The sunsetting of Google Analytics Universal Analytics in July 2023 will truly mark the end of an era in web analytics. When Google Analytics was first released in 2005 it was groundbreaking for businesses, developers, and marketers. It has remained a foundational piece of the web analytics toolkit for more than 15 years, persisting through massive changes in web technology. The announcement of the sunset of the Universal Analytics platform came as a shock to many in the analytics community.

What Does the Transition Mean for Users

Google would tell you that the transition to GA4 will be a simple, easy, and seamless process. The reality of the situation is much more complicated for many users. GA4 captures data in a different way than Universal Analytics so the tagging for it is new. The fields and interface that hold this data are different as well.

Updating Tagging Structure

The fact that GA4 tags capture data in a different way means that all of your existing tags will need to be rebuilt to support GA4. For each event that exists within Google Tag Manager you will need to build an additional tag tied to the same triggering to send data to GA4. GA4 also relies on a different dataLayer structure to capture e-commerce data. This means that users will either need to rebuild dataLayers on their sites or use Google Tag Manager’s custom JavaScript variables to reformat their data to support the GA4 structure.

See my GA4 e-commerce tagging GTM recipe here: https://amjones.co/ua-to-ga4-ecommerce-datalayer-gtm/ 

Updating Reporting

GA4 data capture is based off the firebase platform which means it’s optimized for collecting data from Mobile and Apps. It also means that the fields captured in reporting are more customizable. However, they don’t align with the existing fields captured in Universal Analytics. This means that reports that are currently powered by Google Analytics Universal Analytics connectors or data flows will need to be rebuilt using GA4 data.

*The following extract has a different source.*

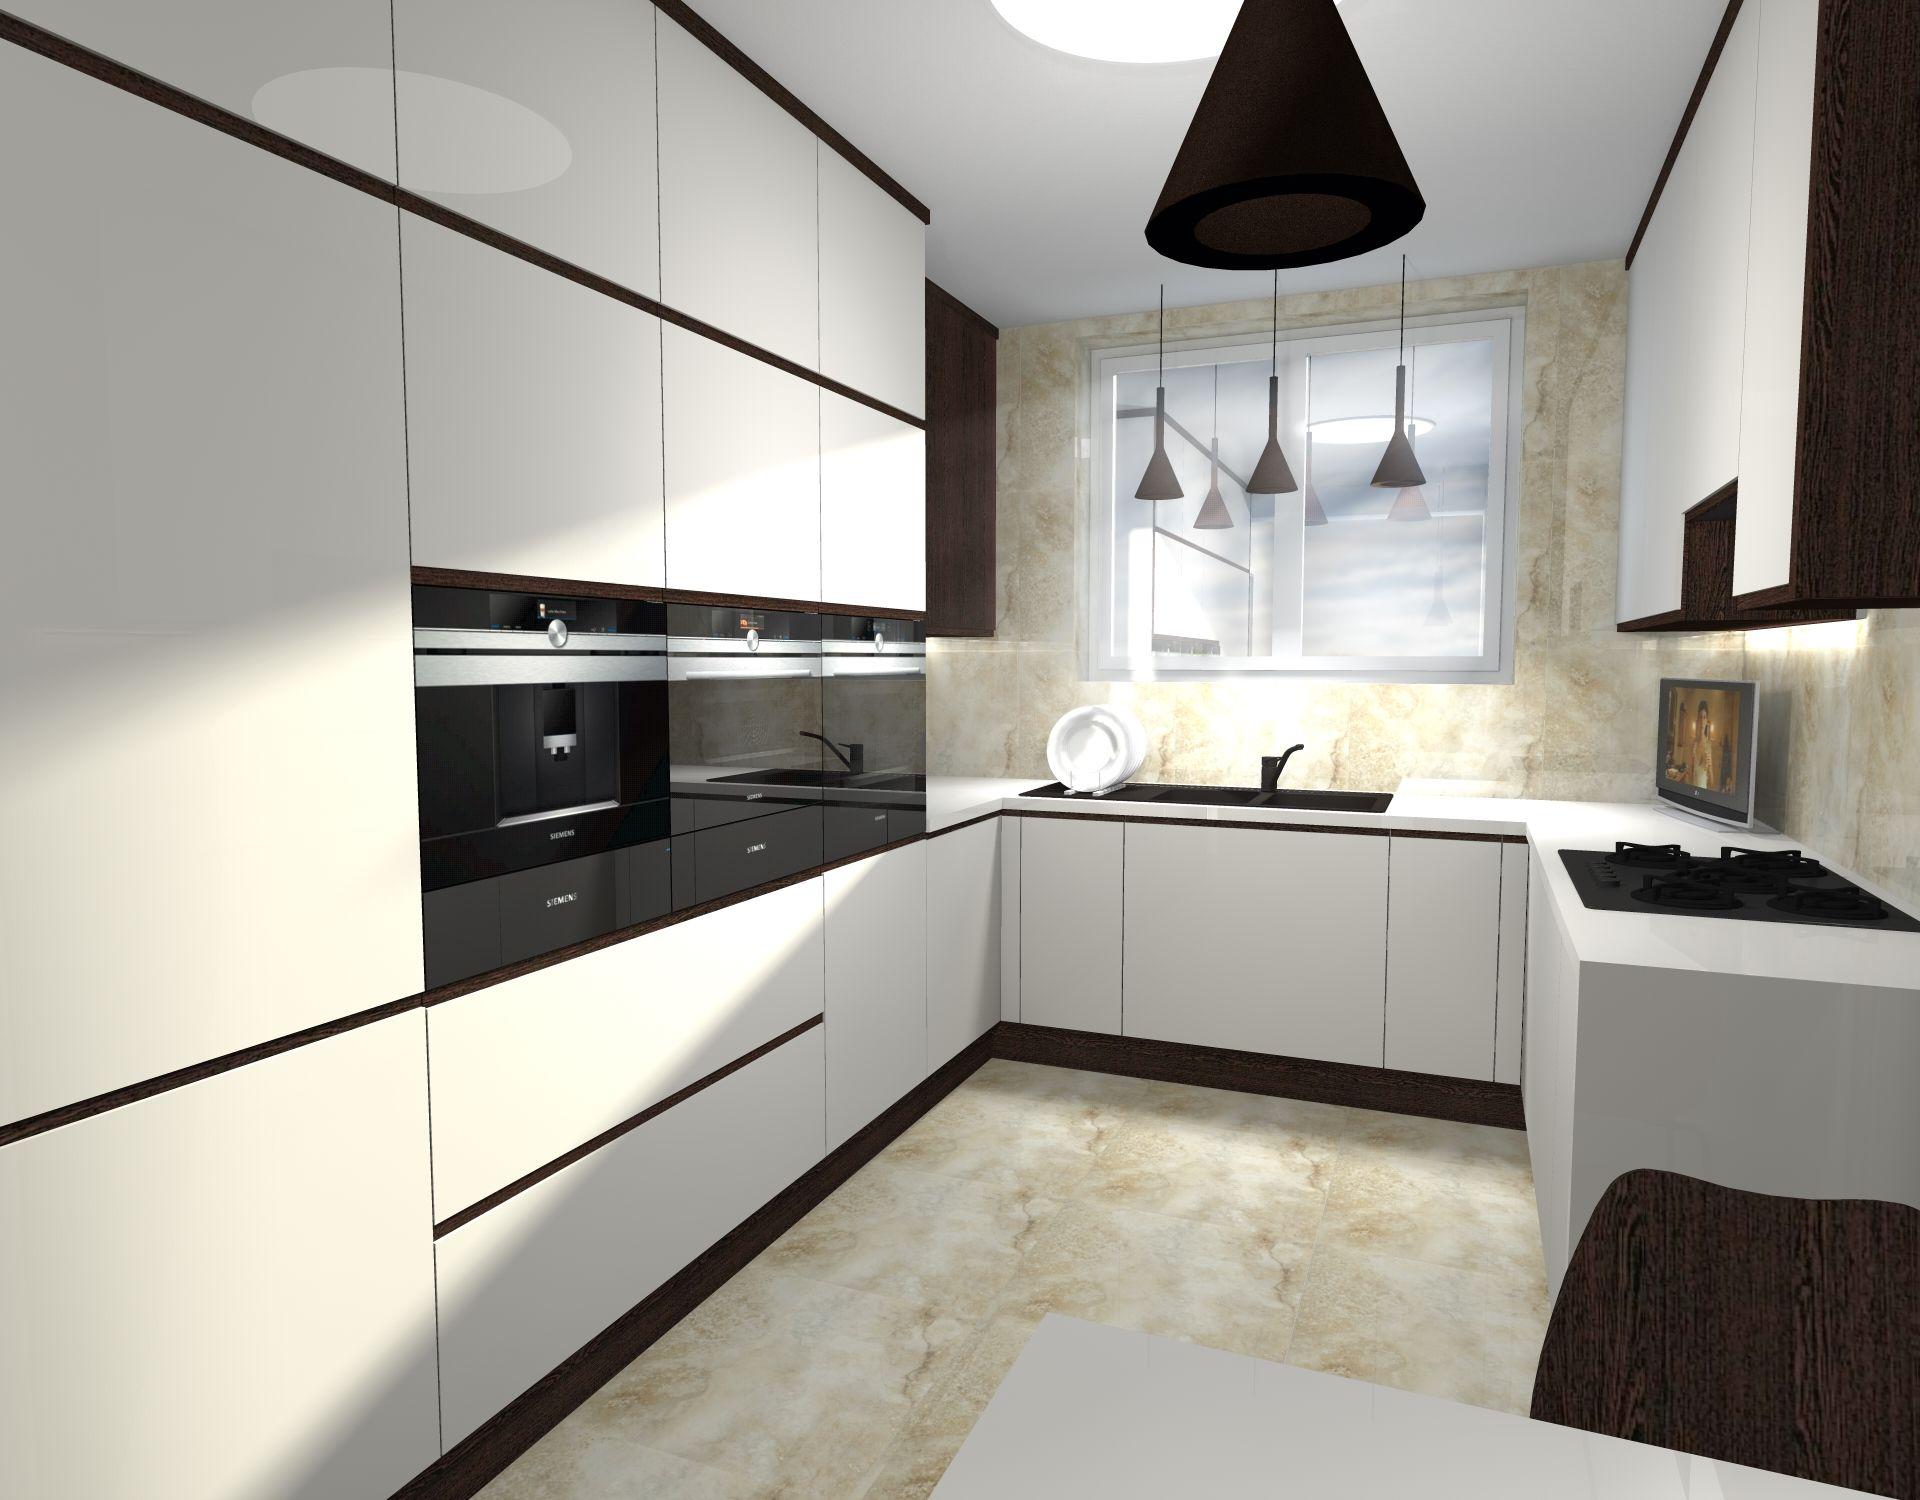 Pin Na Projekty Kuchni Atelier Lillet

Luckily Google has prepared a list of equivalencies between GA4 and Universal Analytics data: https://developers.google.com/analytics/devguides/migration/api/reporting-ua-to-ga4-dims-mets

This will help you recreate reporting, but it’s not a guarantee that the data will match UA exactly. Rebuilding reports with GA4 data sources will mean also that your data will not go as far back. You have until July 2022 to implement GA4 if you want year over year data. If you have a data ETL and storage process you may be able to stitch GA4 data with historical UA data to get a longer loopback window, but parity is not guaranteed.

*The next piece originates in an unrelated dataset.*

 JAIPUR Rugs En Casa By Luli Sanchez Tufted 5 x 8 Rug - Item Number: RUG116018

Lack of Current Functionality

The new GA4 platform still lacks many of the critical functions that current Universal Analytics users have become accustom to using. Things as simple as allowing user control over features like custom channel groupings and filters are currently missing from the administrative toolset. Instead users must set their filters via variables which leaves the IP, domain, and other matching to the end user in their tag manager. Setting custom utms for channel groupings is crucial for classifying campaigns from outside platforms.

GA4 also lacks the ability to map custom dimensions which are key for many users, particularly GA360 customers. Many GA360 customers have 50 or more custom dimensions that they use for advanced reporting. The expansion of the available customizations is one of the things that makes GA360 great, so to have them missing from GA4 makes implementation much more complicated. Google has the addition of custom dimensions on their roadmap, but the fact that they are missing at the time of the transition announcement is a huge miss.

Benefits of GA4

Although GA4 doesn’t seem fully ready for prime time and will require significant effort to setup, that doesn’t mean that it doesn’t improve on Universal Analytics. GA4 configurations are wired in with what Google calls “Advanced Measurement” which integrates page view, scroll, outbound click, site search, video engagement, and file download tracking into the platform by default. The platform switch will also likely bring Google more in line with personal data laws like GDPR and CCPA which is likely why the transition came quickly after the French court ruling outlawing Google Analytics.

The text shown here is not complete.